5-Allow reporters to be drunk at work again. This might even convince me to become a “journalist” (when talking about me and “journalism” you always should use quotation marks for emphasis).

6-Stop quoting Rush Limbaugh or anyone like him (left or right). He is a member of the media, not the head of a political party or an expert on anything--except popping pills. If you need a quote from a fat-assed pill popper then call him or, actually, listen to his show since he doesn't give interviews and all the lazy-assed reporters who quote him are really just lifting quotes from his show (As an aside to anyone reading this. If you listen to Limbaugh just kill yourself. This has nothing to do with liberal/conservative stuff. You are an idiot and the world will be slightly less stupid without you). And you "reporters" go do some real reporting and stop regurgitating the wisdom of Limbaugh or Chris Matthews or the guy who used to be on Sports Center.

7-Sell a paper, any paper, to Shaq.

8-Make that opinion writer from the Washington Times learn how to tuck in his shirt before he goes on TV. Or make him do some sit ups or something.

9-Speaking of the Washington Times let Rev. Moon write some editorials if he is still alive. We need some straight up common sense these days. And giant weddings. We need more giant weddings.

10-
Never allow celebrities to cover things. Ever. No. Don't. Stop.

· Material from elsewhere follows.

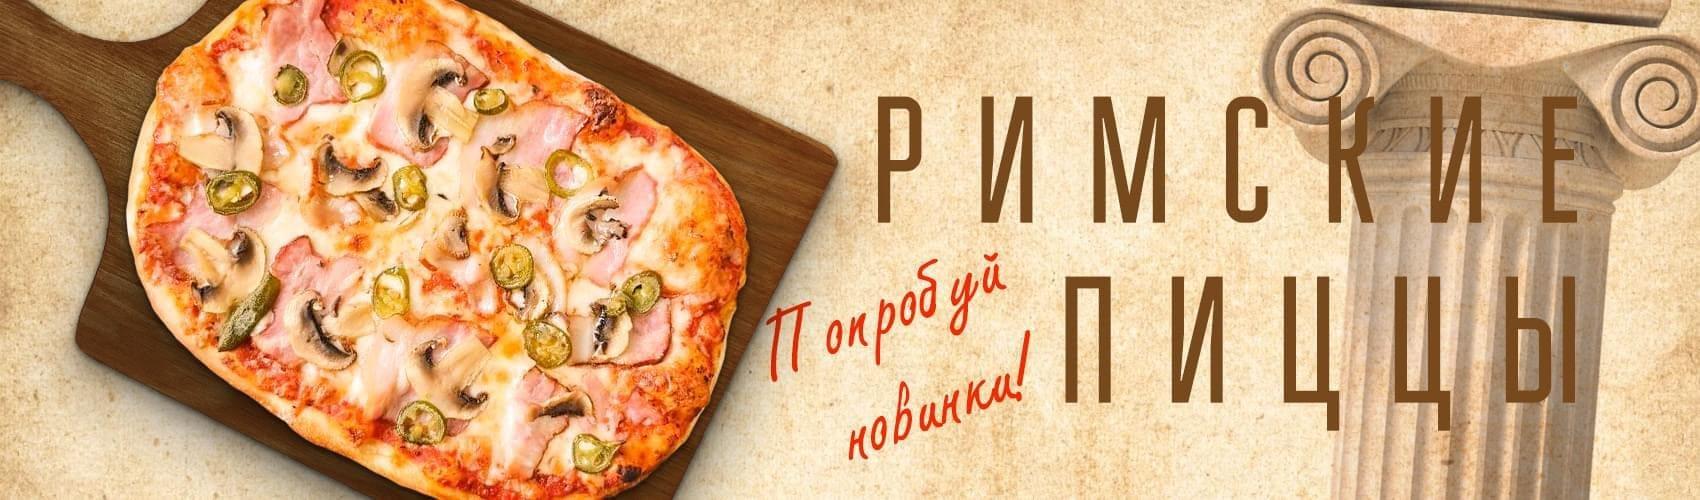 Римские пиццы

This is especially true if the celebrity is Sean Penn.

11-Do not let people who are self-styled experts cover what they consider themselves self-styled experts on--unless they are a self-styled expert on midget pornography. That is ok.

12-People care about the design of your paper about as much as they care about someone else's story about a dream they had in middle school. Do not pay a consultant a shitload of money to redesign your newspaper (unless you get a kick-back or a blow job or something out of it.)

13-Hearken back to the old days of journalism when William Randolph Hearst started the Spanish-American War. I suggest a preemptive attack on Canada. The war can be about fish or lumber or the sorry state of the Toronto Raptors organization.

14-More coverage of  John & Kate Plus 8. That is real news and coverage just isn’t readily available anywhere except in YOUR paper.

15-And for GOD’S sake cover the shit out of American Idol.

16-Oh and start making the bulk of online content for subscribers only.